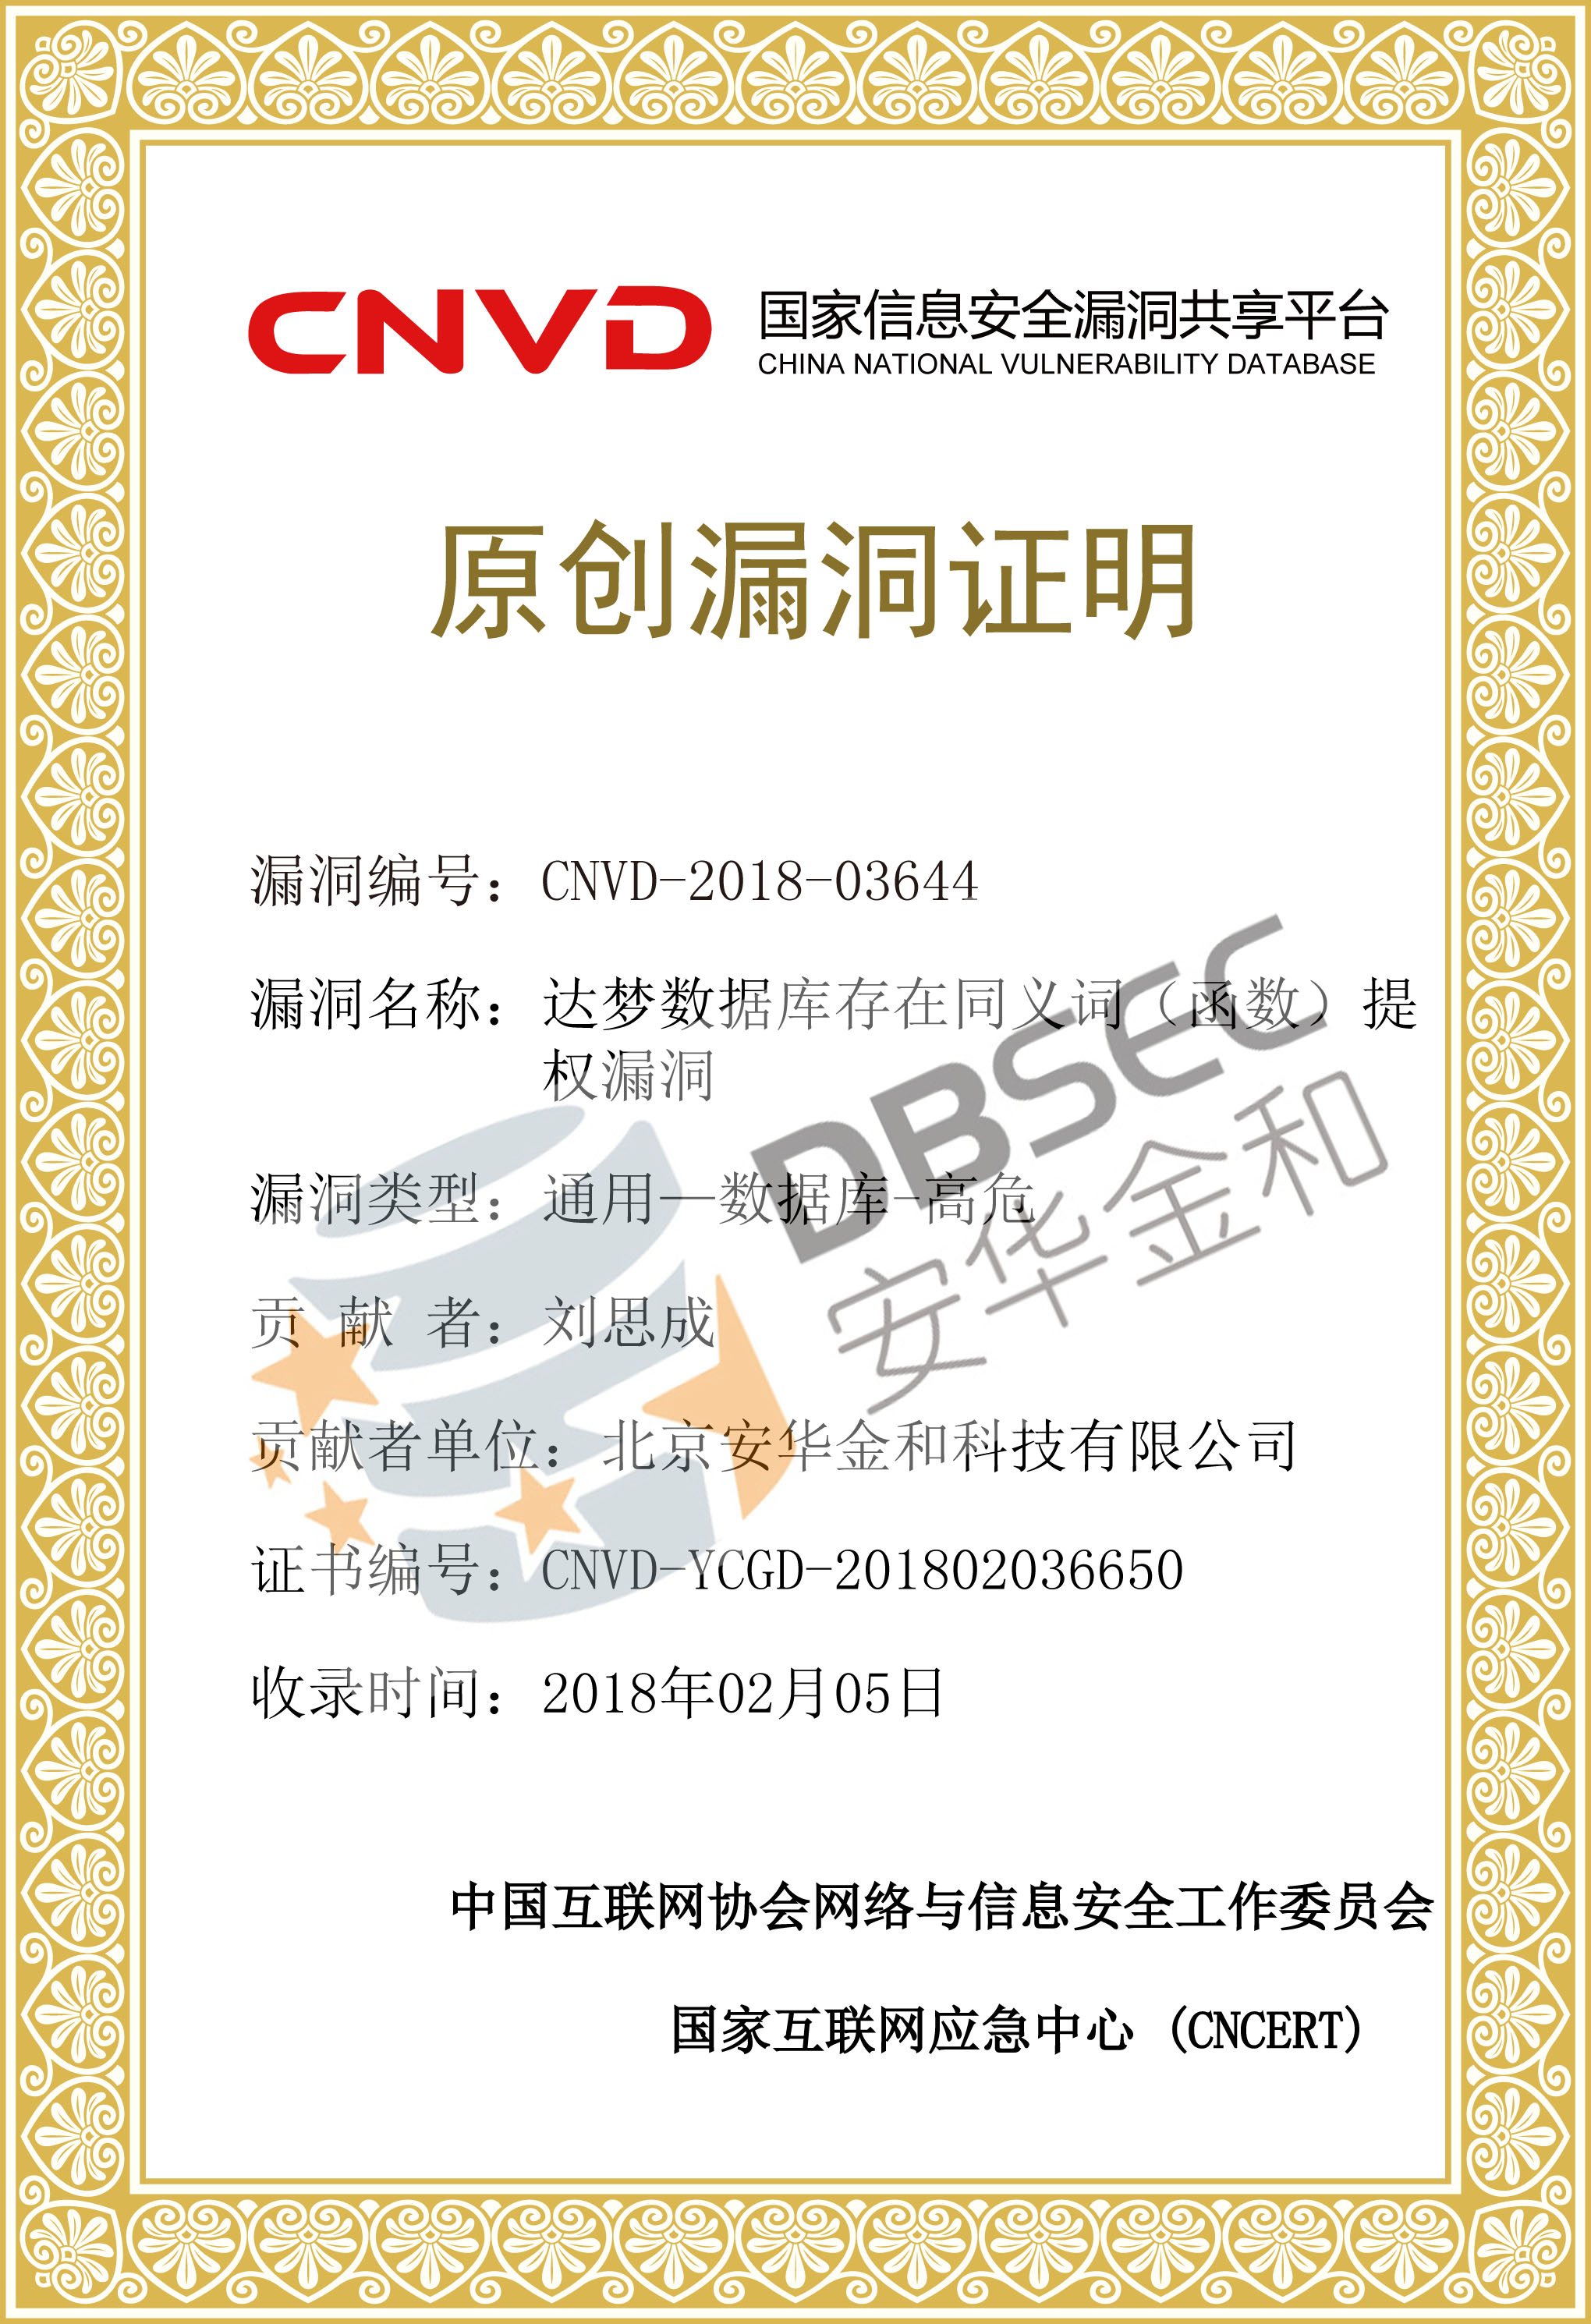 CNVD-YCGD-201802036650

* * *

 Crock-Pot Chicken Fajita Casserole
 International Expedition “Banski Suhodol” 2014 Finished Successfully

◆ Task directions: Please, from the material above, copy only the lines from the line with "Crock-Pot Chicken Fajita Casserole" up to and including the line with "2014 Finished Successfully", exactly as written.

◆ Output for this task:
 Crock-Pot Chicken Fajita Casserole
 International Expedition “Banski Suhodol” 2014 Finished Successfully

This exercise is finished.